O nome de Maria Adelaide Rosado Pinto (1913-1997) está ligado a Setúbal, não só porque aqui nasceu, mas sobretudo pela obra ímpar que, na área da música, promoveu como estudiosa, professora, autora, fundadora de instituições, divulgadora da arte. O seu trajecto veio, aliás, dar continuidade ao de seu pai, Celestino Rosado Pinto (1872-1963), também ele setubalense, com uma carreira invulgar de regente, intérprete e compositor.
A continuidade da obra de um na obra do outro torna-se visível no livro Toadas, cantares e danças de Setúbal e sua região - Factos e tradições, assinado por Maria Adelaide Rosado Pinto (Setúbal: Junta Distrital de Setúbal, 1971), que se apoiou, em grande parte, na recolha musical e etnográfica levada a cabo por seu pai, obra que continua a ser hoje um elemento importante, aliando a arte musical a marcas identitárias da região sadina em várias manifestações da cultura local.

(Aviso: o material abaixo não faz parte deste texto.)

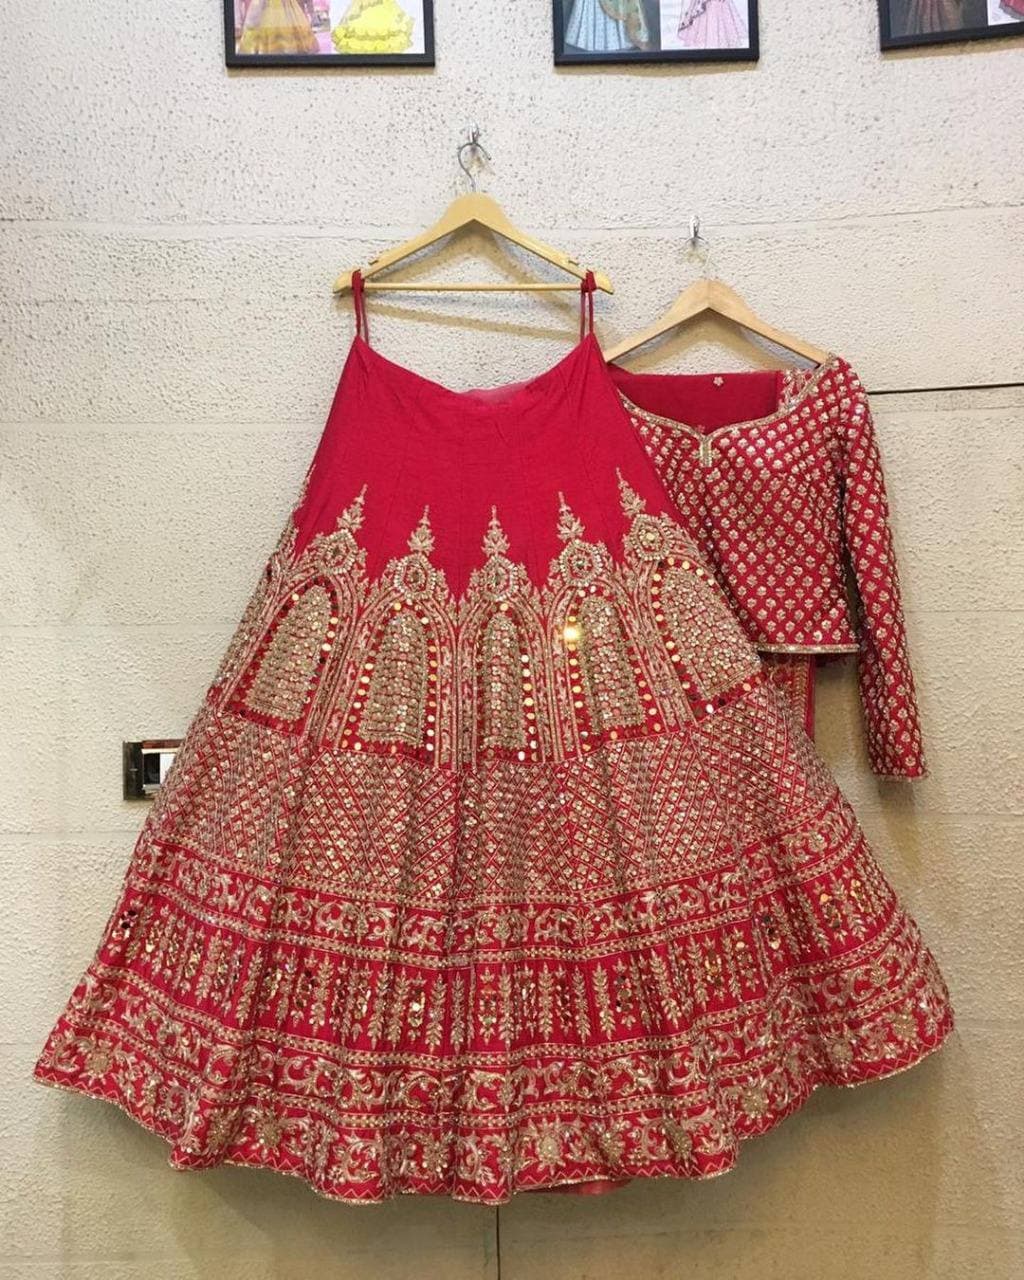 Red Lehenga Choli In Malai Satin Silk With Cording Work

O primeiro grupo da recolha incide sobre as canções ligadas ao rio, ambiente de pescadores e de salineiros que, com “os seus ritmos de puxar redes e mover remos, as suas frases típicas, as suas toadas, cantilenas e danças mais ou menos alegres ou nostálgicas, características da beira-mar, davam a estas margens um pitoresco e caprichoso colorido”. Dos pescadores de Troino, ouvidos “mar fora, entoando os seus cantares durante a agitada labuta marítima”, conhece o leitor composições como “Barca velha” (1885), “Toada da beira-mar” (1889) e “Cantilena do mar” (1894), esta com a nota de ter sido “recolhida numa noite passada num barco de pesca fora da barra de Setúbal”. Do lado das Fontainhas, zona mais festiva, pode-se encontrar “Trova do mar” (1905), “Vira vira” e “Vira do Sul” (1918) e “Descante” (1919). Passa por este conjunto de cantigas a vida do mar, o amor, a festa, o galanteio, o ritmo da vida.
Um outro conjunto regista cantares de cunho religioso, como as loas do Círio de Setúbal da festa de Nossa Senhora da Arrábida na versão de 1853, um cântico dedicado à Senhora do Cabo (1865), os cantares à Nossa Senhora do Cais (1927 e 1928) e prece e agradecimento ao Senhor do Bonfim (1836), manifestações dominadas pelo pedido de auxílio nas mais variadas situações e pelo agradecimento.
O terceiro tema assenta sobre festas tradicionais da região, ligadas aos santos populares ou a momentos peculiares do ano (desfolhadas, Natal), composições muitas vezes construídas para envolverem a dança, retratando trabalhos, momentos de festa, relações entre as pessoas, formas de viver.
Os textos poéticos, sempre acompanhados da respectiva partitura musical, surgem agrupados tematicamente, depois de curto texto introdutório de contextualização, muitas vezes expandindo um sentido de deslumbramento perante os quadros populares. Ao longo do livro, vai o leitor sendo contemplado com algumas fotografias locais devidas a Américo Ribeiro, havendo ainda espaço para a descrição de trajos regionais por onde passam o descarregador de peixe, o marítimo, a peixeira, o pescador, a varina, a rapariga das ostras, a vendedeira de melancias, o leiteiro, a saloia, figuras desenhadas pelo traço de Inês Guerreiro.
Tão notório é o propósito pedagógico que acompanha esta obra, manifestado na intenção de dar a conhecer aos leitores a origem das danças e cantares que enfeitam as manifestações religiosas, festivas e de trabalho, que a sua leitura se torna fácil, esclarecedora e apetecível.
* "500 Palavras". O Setubalense: nº 403, 2020-05-27, pg. 8.